• Directions for this task
In the entries that follow, the line with "Dettol Antiseptic Antibacterial" opens the range and the line with "igor sandals pink" closes it; repeat that range exactly, both lines included.

• Source data
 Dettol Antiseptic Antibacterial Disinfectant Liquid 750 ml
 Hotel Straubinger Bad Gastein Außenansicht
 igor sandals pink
==
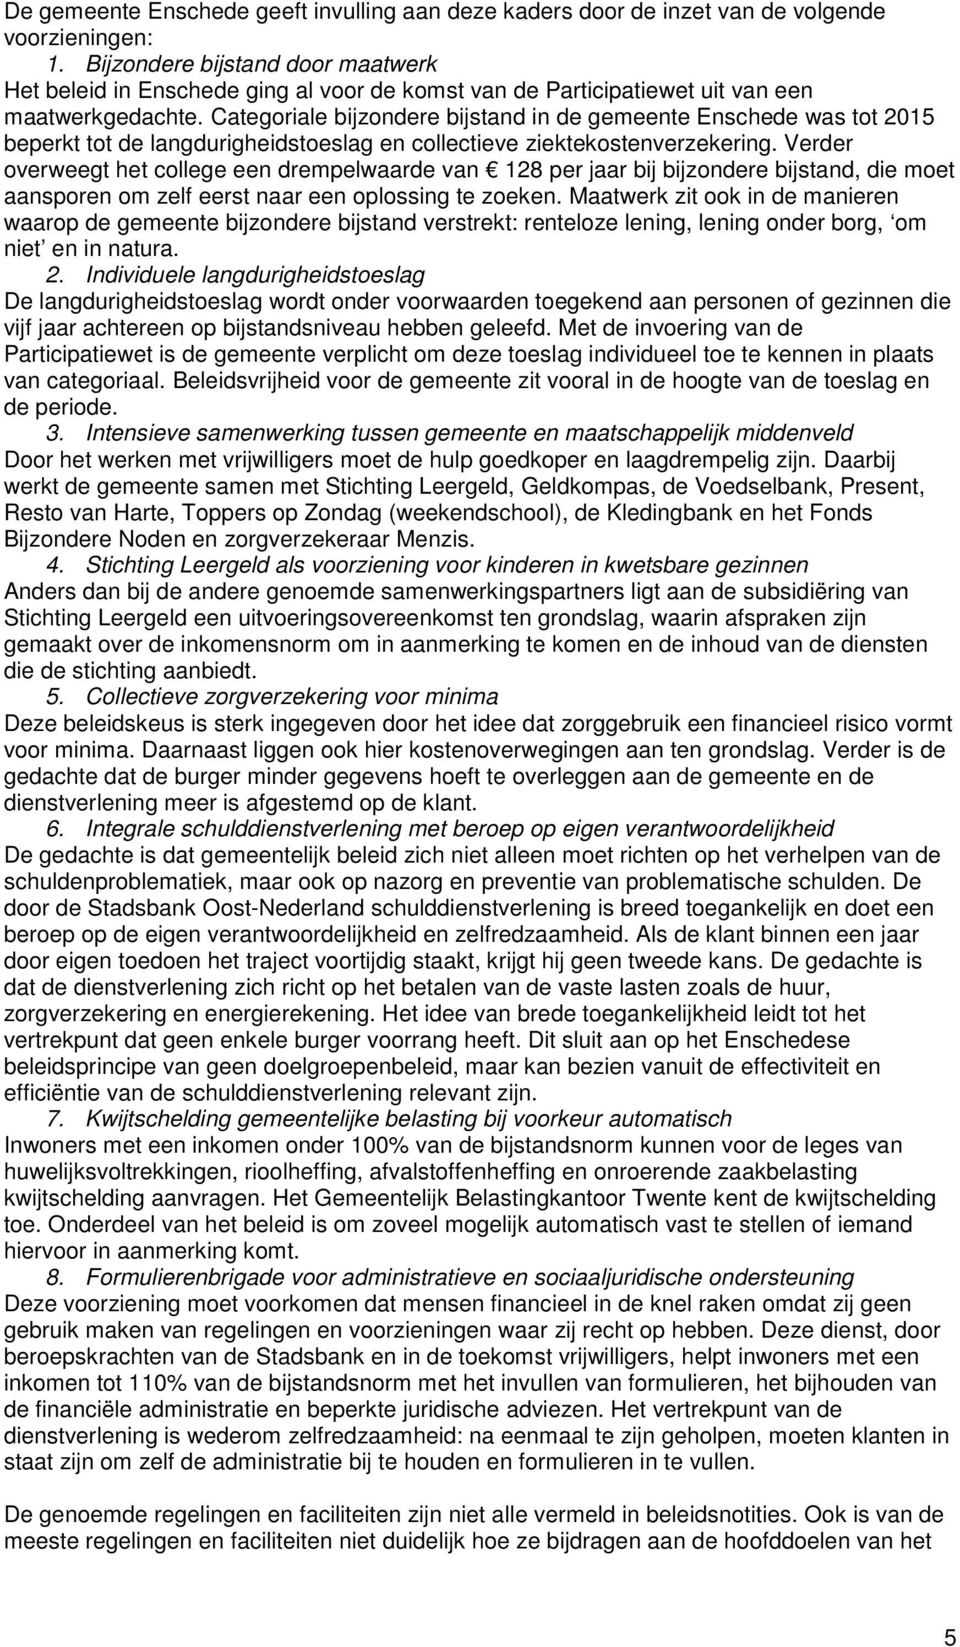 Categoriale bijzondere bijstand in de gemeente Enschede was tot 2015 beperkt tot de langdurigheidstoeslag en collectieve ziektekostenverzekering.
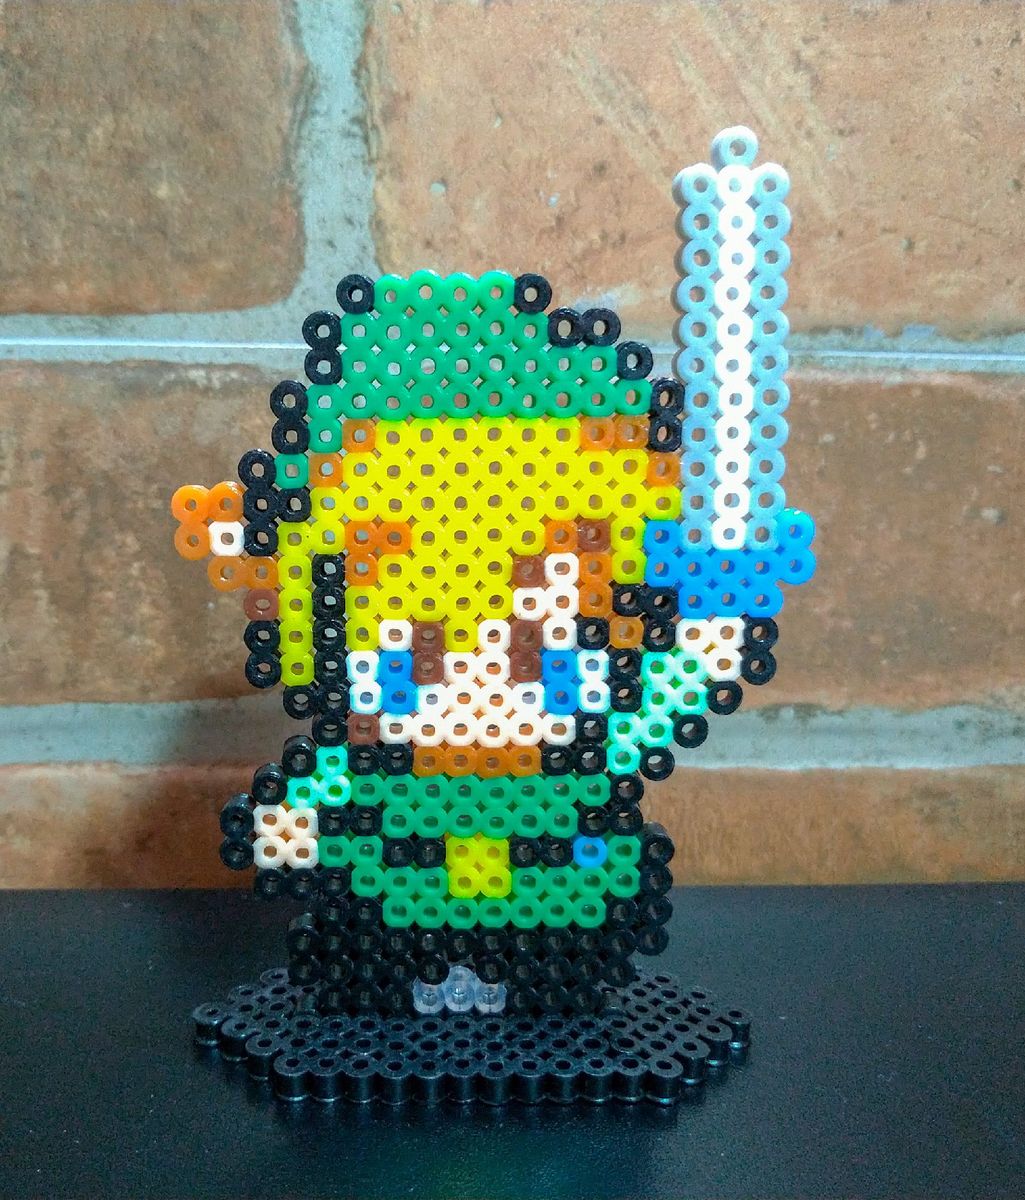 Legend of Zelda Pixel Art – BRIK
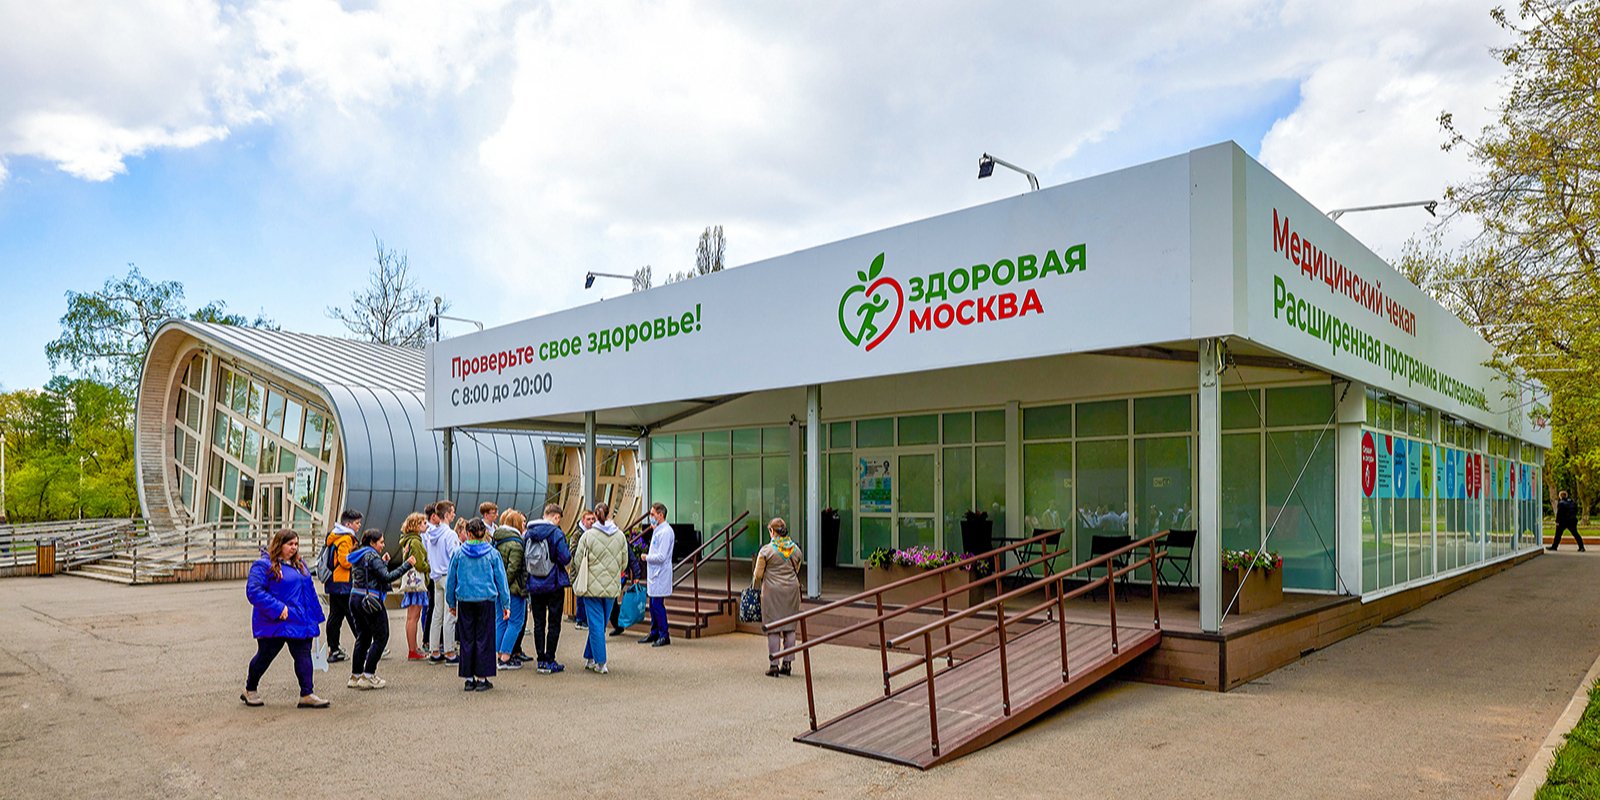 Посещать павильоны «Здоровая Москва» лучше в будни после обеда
--
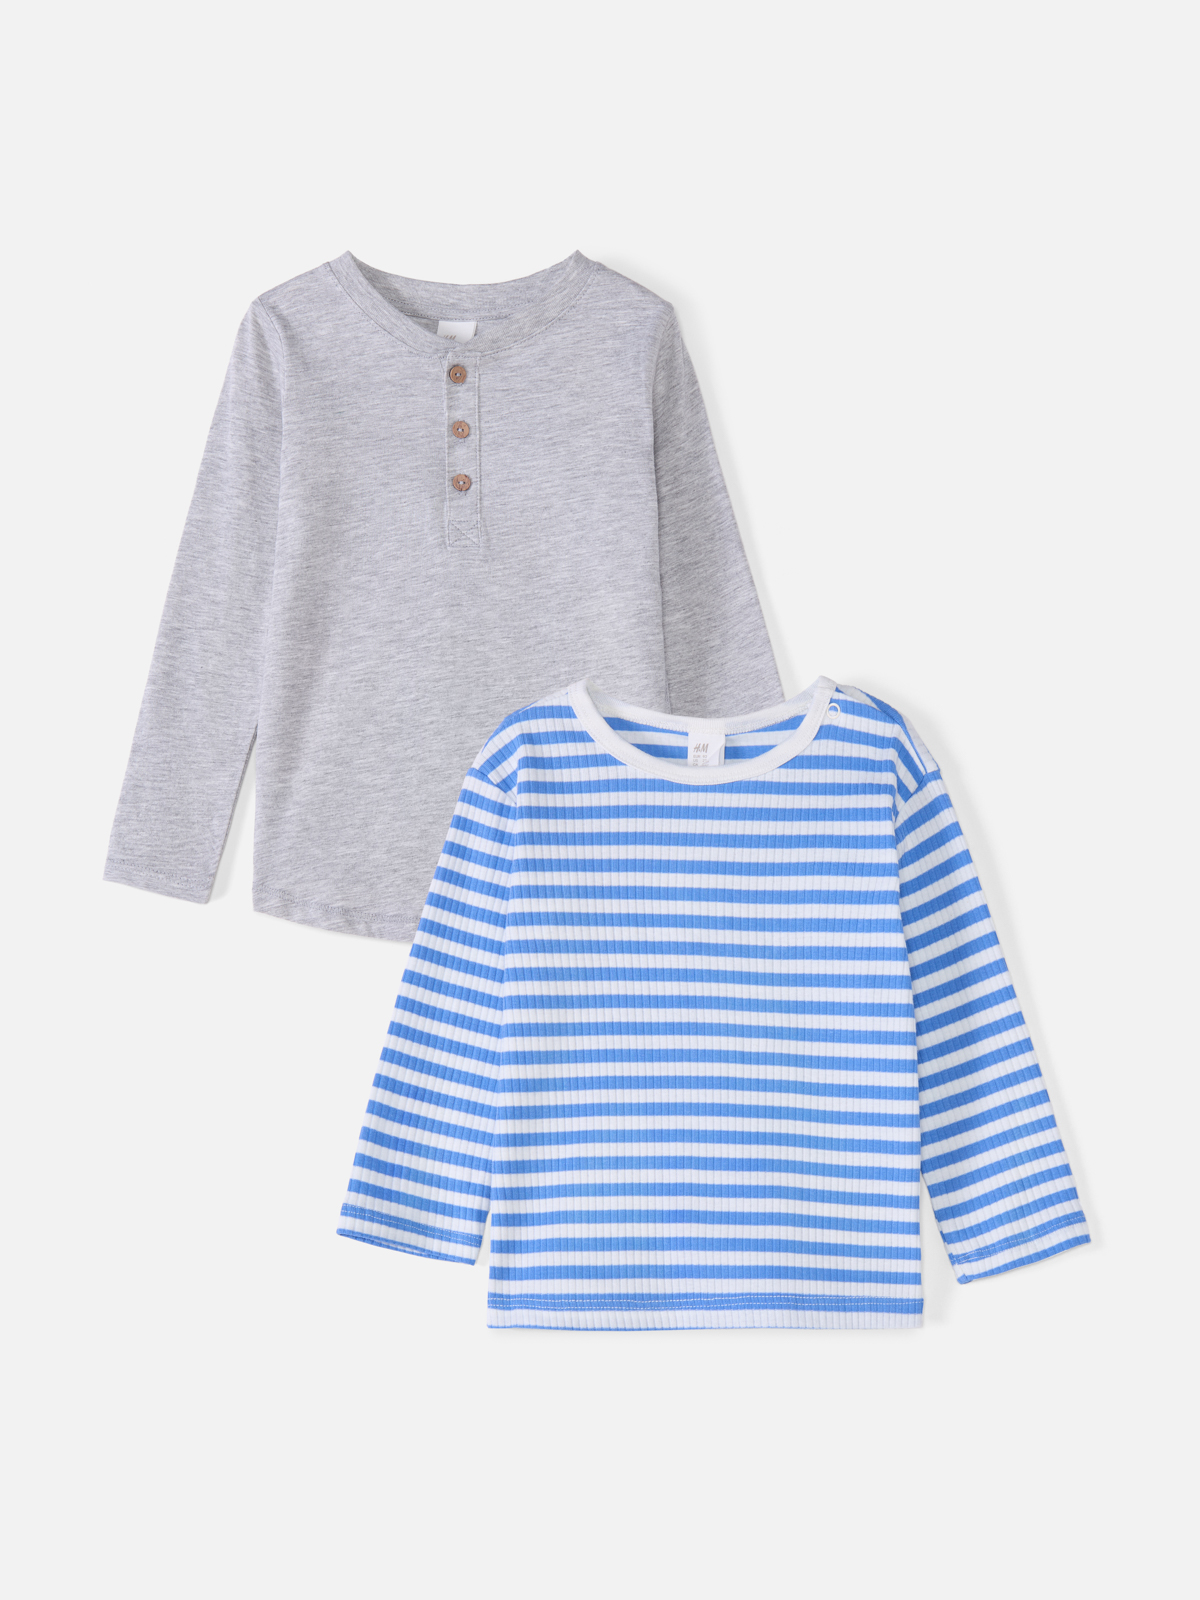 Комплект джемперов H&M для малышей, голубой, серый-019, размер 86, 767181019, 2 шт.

• Solution to the problem
 Dettol Antiseptic Antibacterial Disinfectant Liquid 750 ml
 Hotel Straubinger Bad Gastein Außenansicht
 igor sandals pink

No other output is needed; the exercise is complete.